Please return the listing exactly as it stands, skipping any pictures.

(Data shown begins)

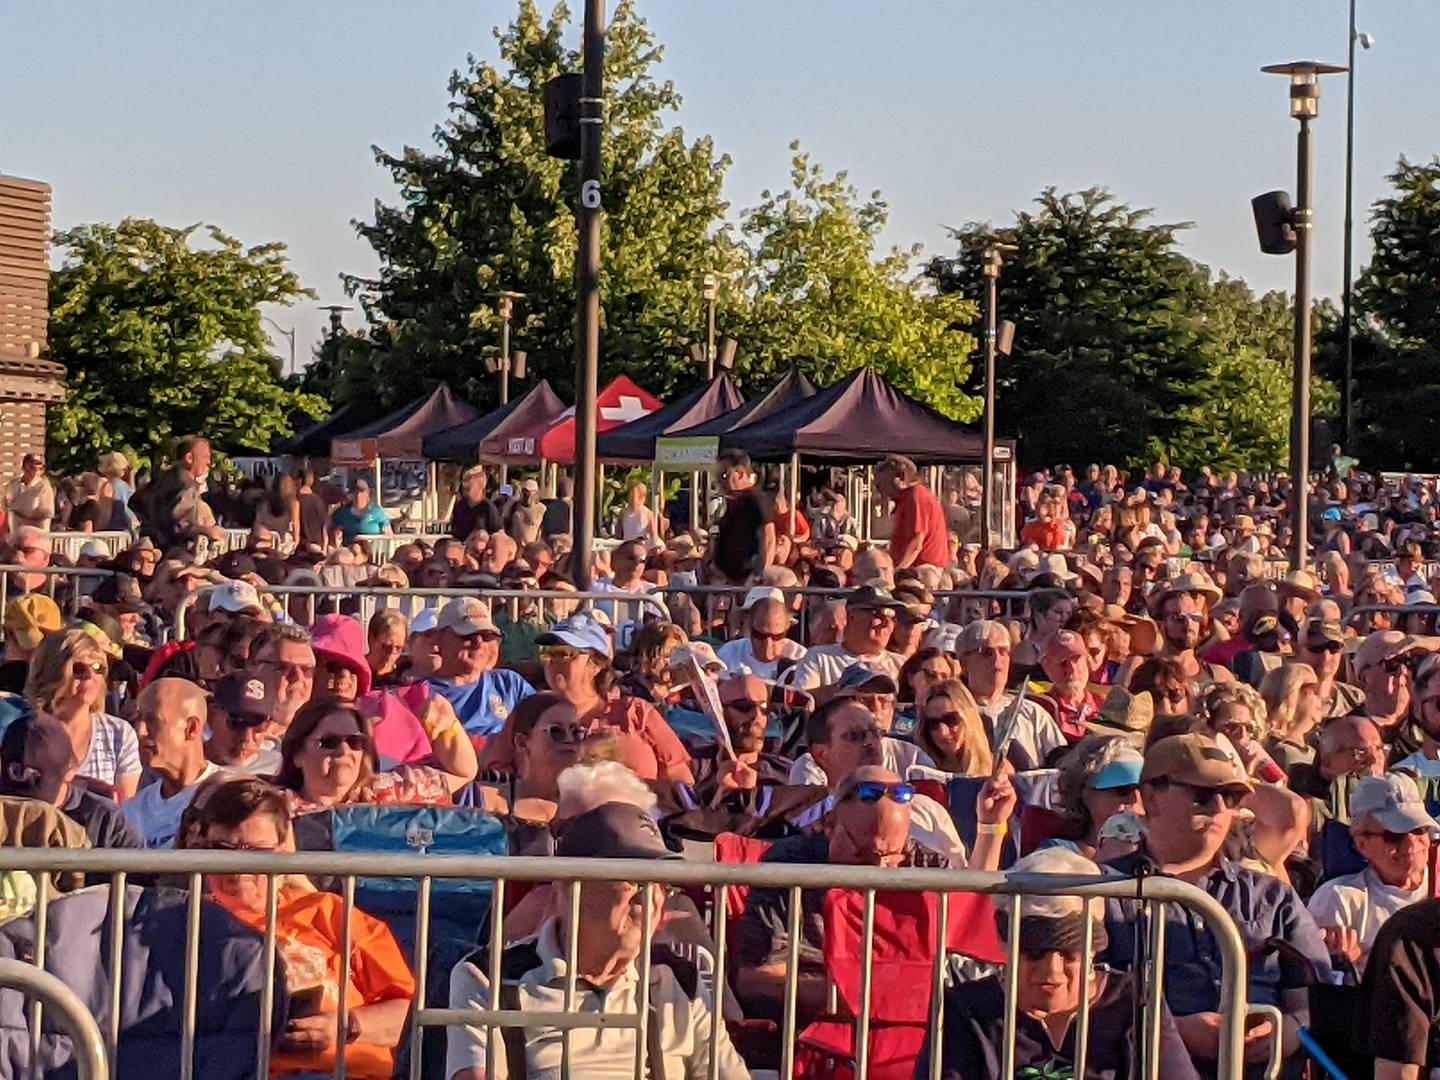 Thousands of people were at Thomas J. Weisner RiverEdge Park in Aurora Friday night watching Chicago’s own Shemekia Copeland and Kenny Wayne Shepherd perform during the return of Blues on the Fox, now in its 24th year. The last Blues on the Fox festival had been in 2019.
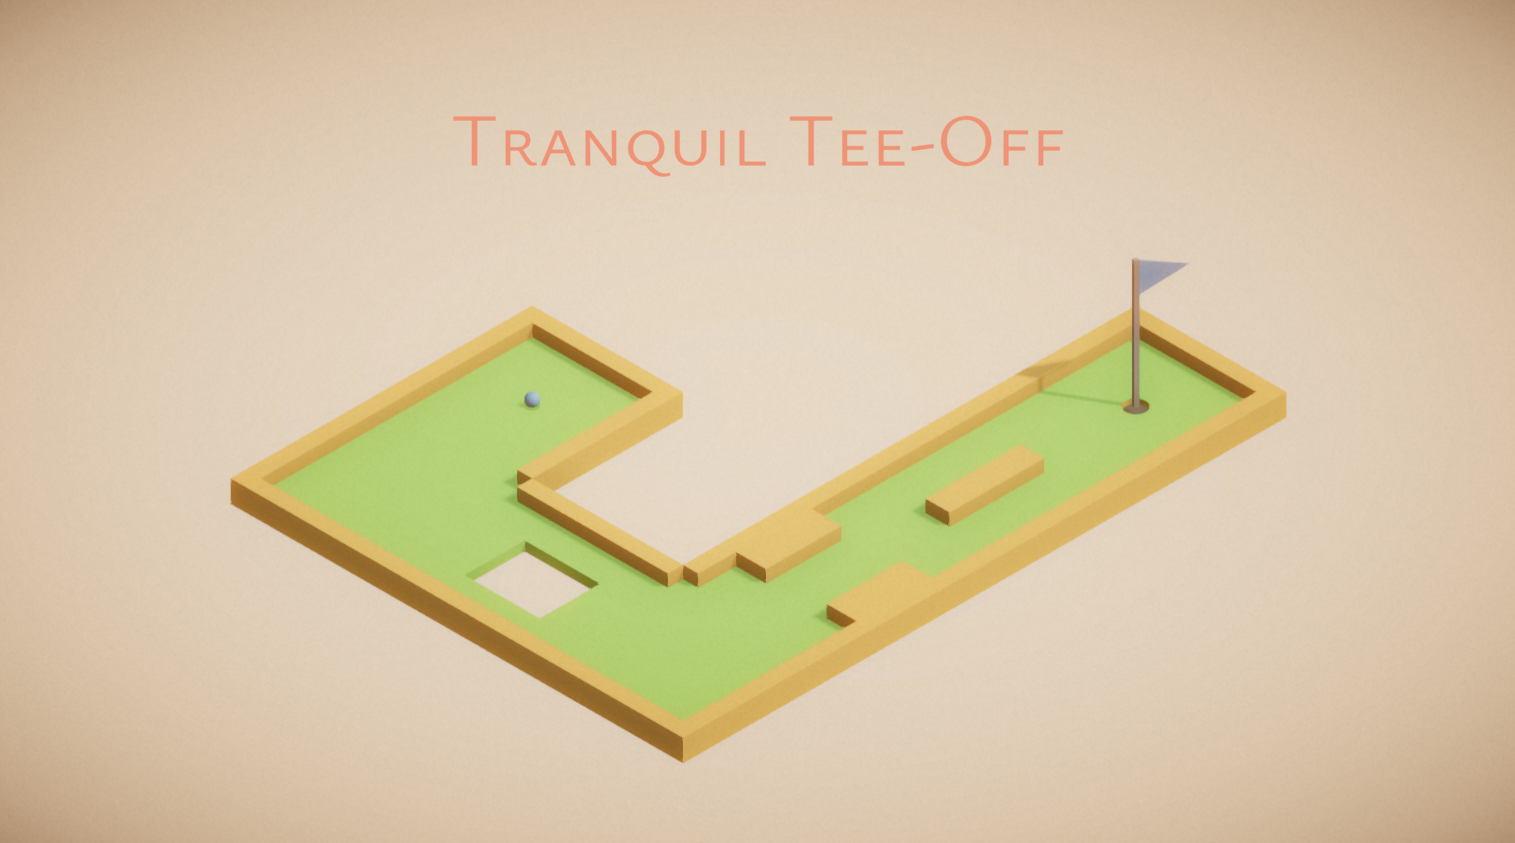 Tranquil Tee-Off
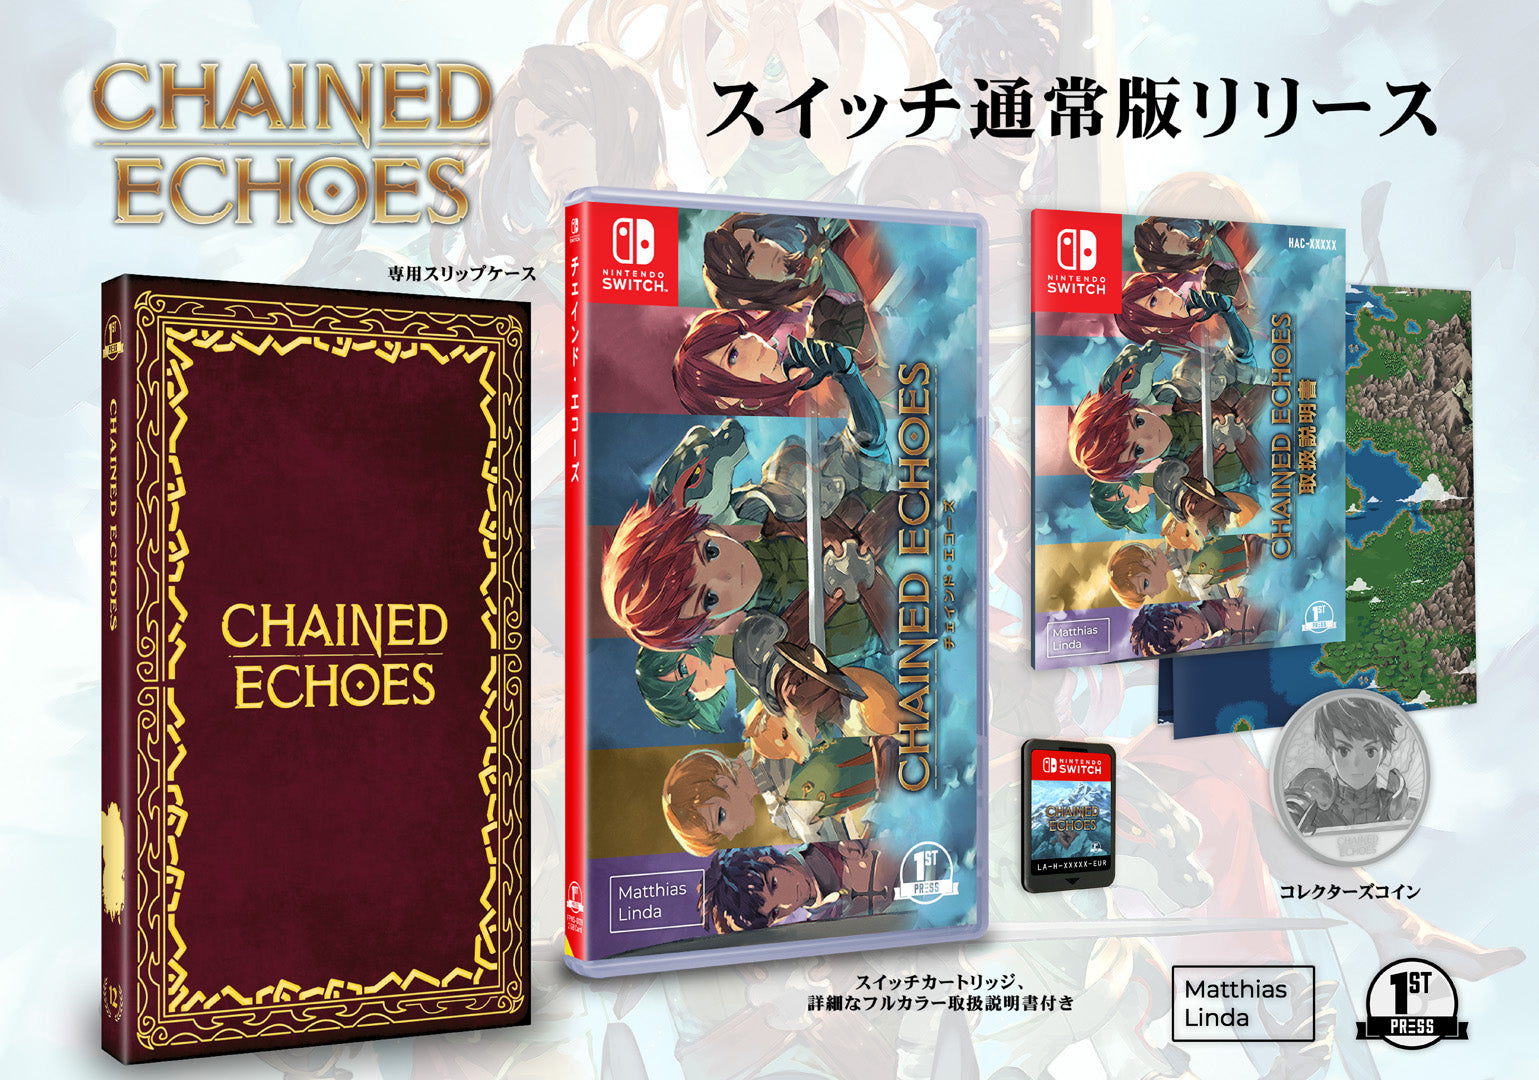 Similar Games To Play Like Chained Echoes
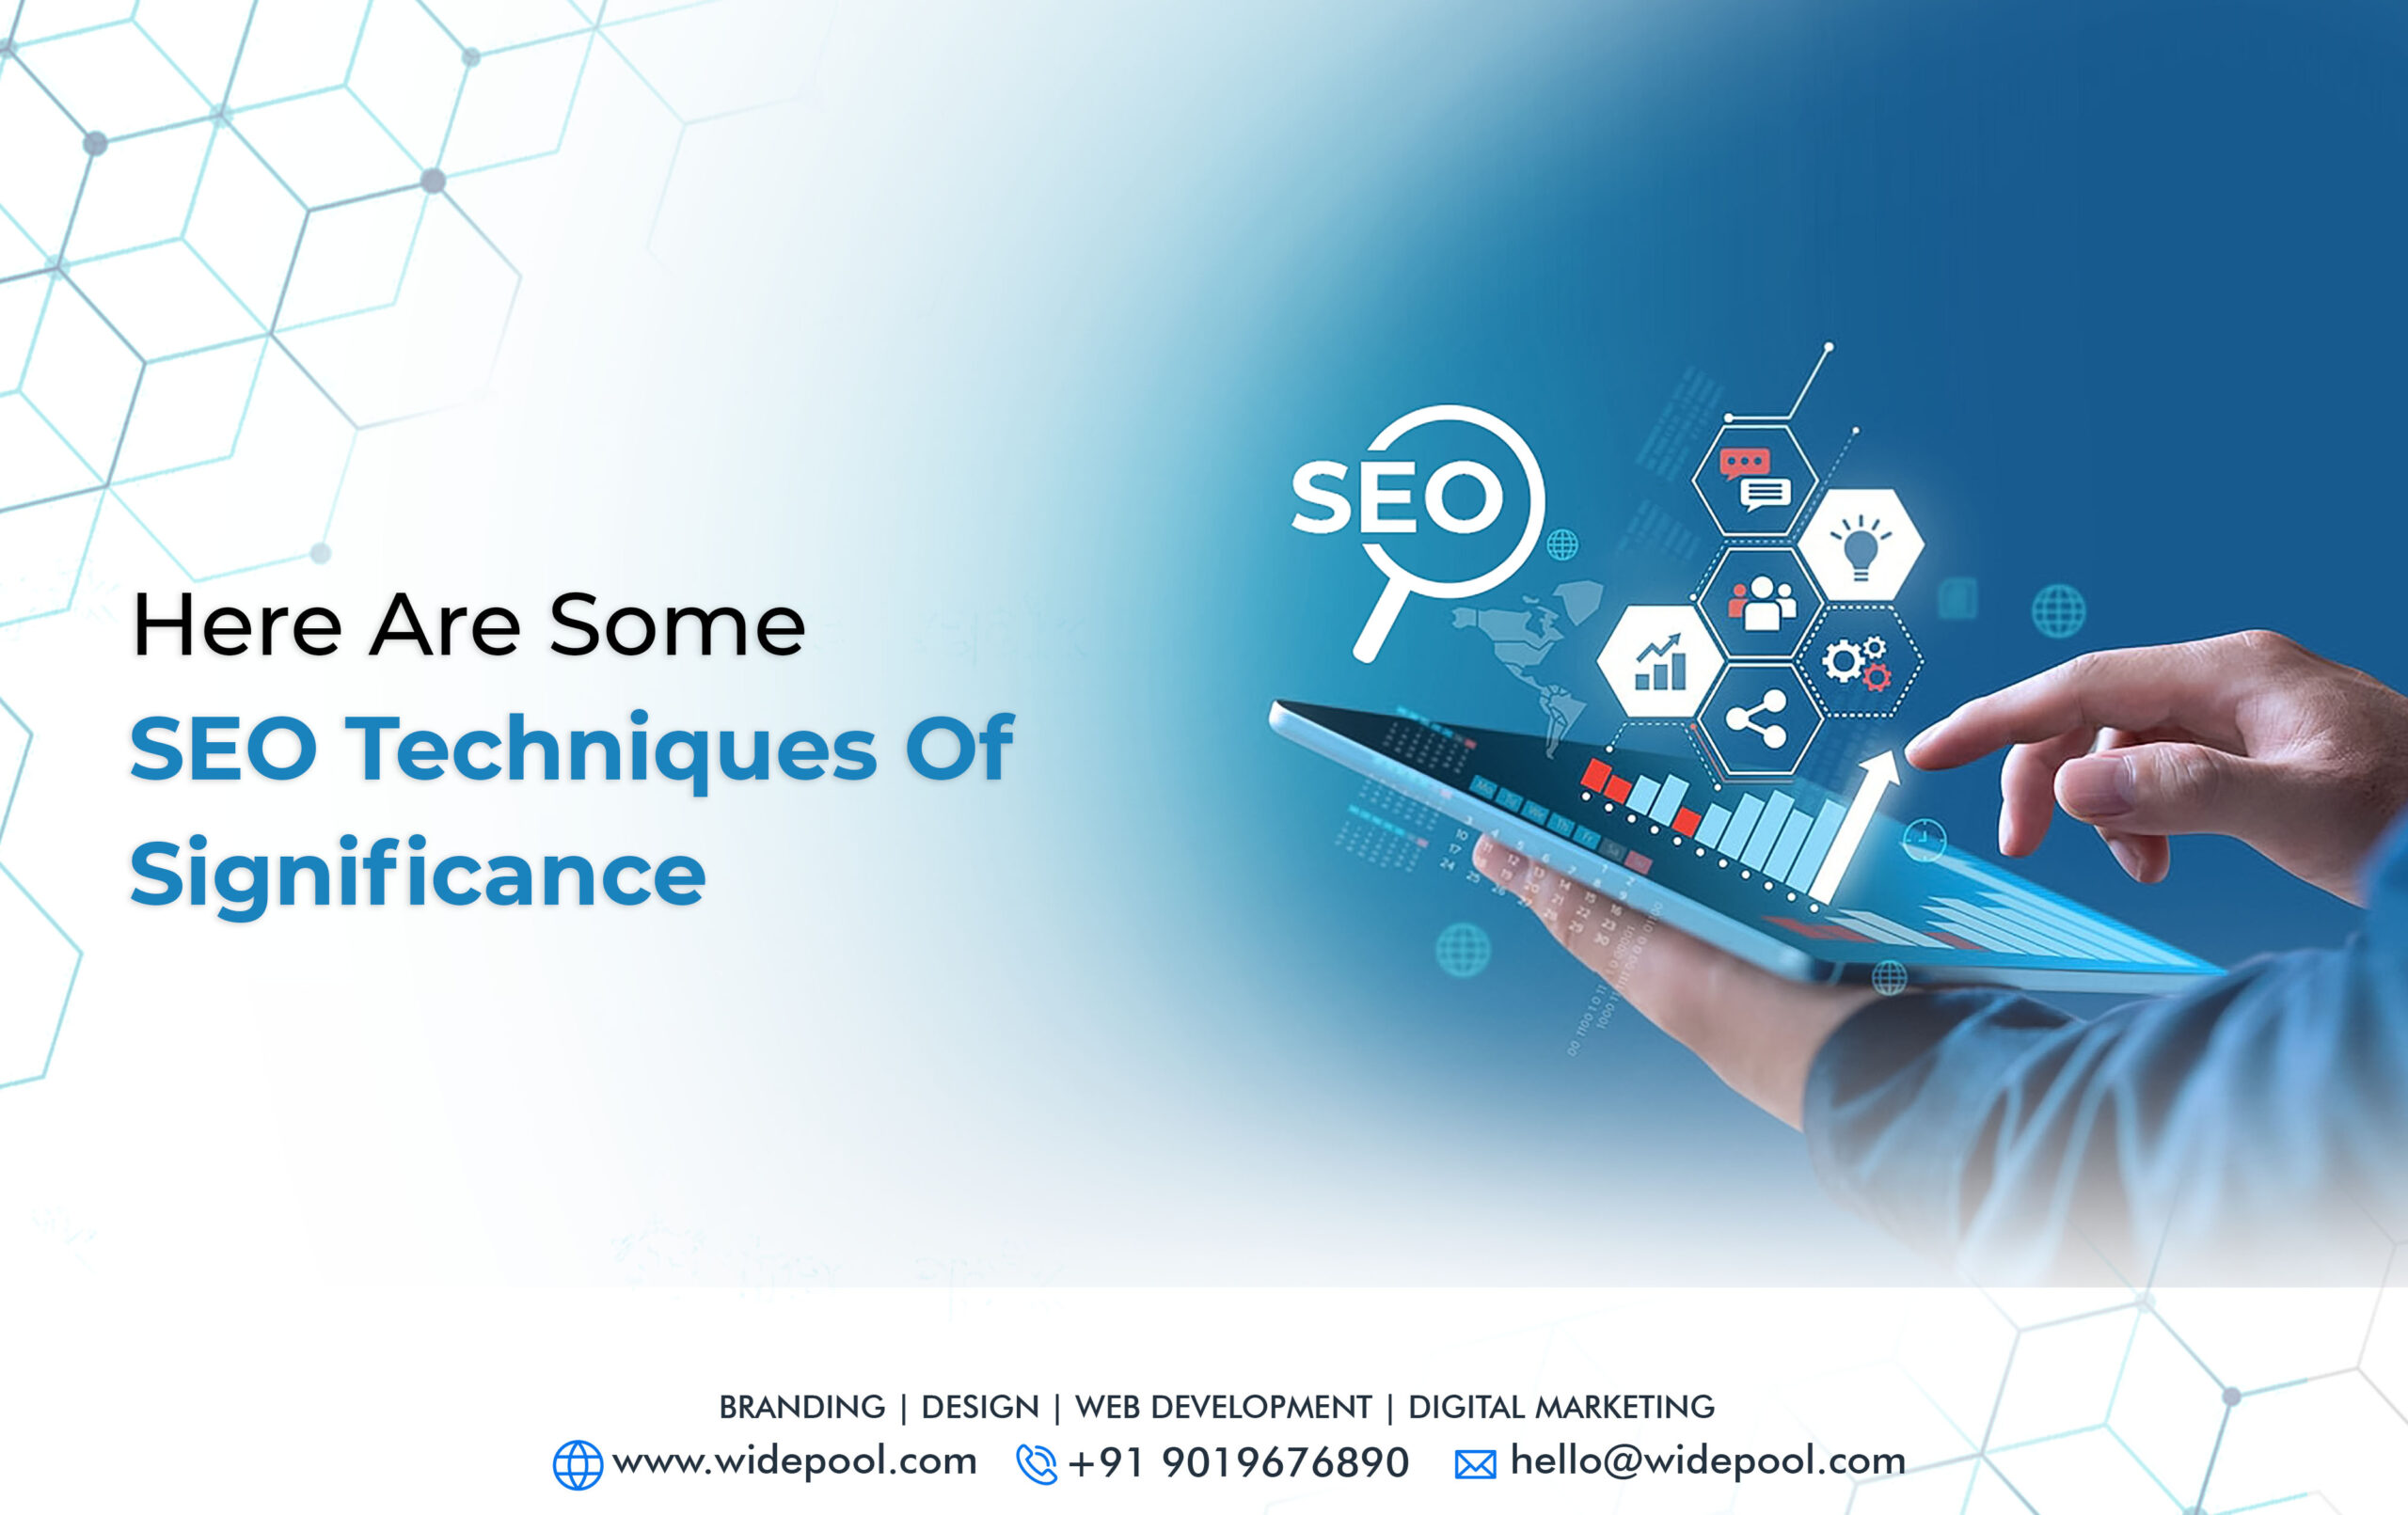 Here Are Some SEO Techniques of Significance

(Data shown ends)

◆ **Written response**:
 Thousands of people were at Thomas J. Weisner RiverEdge Park in Aurora Friday night watching Chicago’s own Shemekia Copeland and Kenny Wayne Shepherd perform during the return of Blues on the Fox, now in its 24th year. The last Blues on the Fox festival had been in 2019.
 Tranquil Tee-Off
 Similar Games To Play Like Chained Echoes
 Here Are Some SEO Techniques of Significance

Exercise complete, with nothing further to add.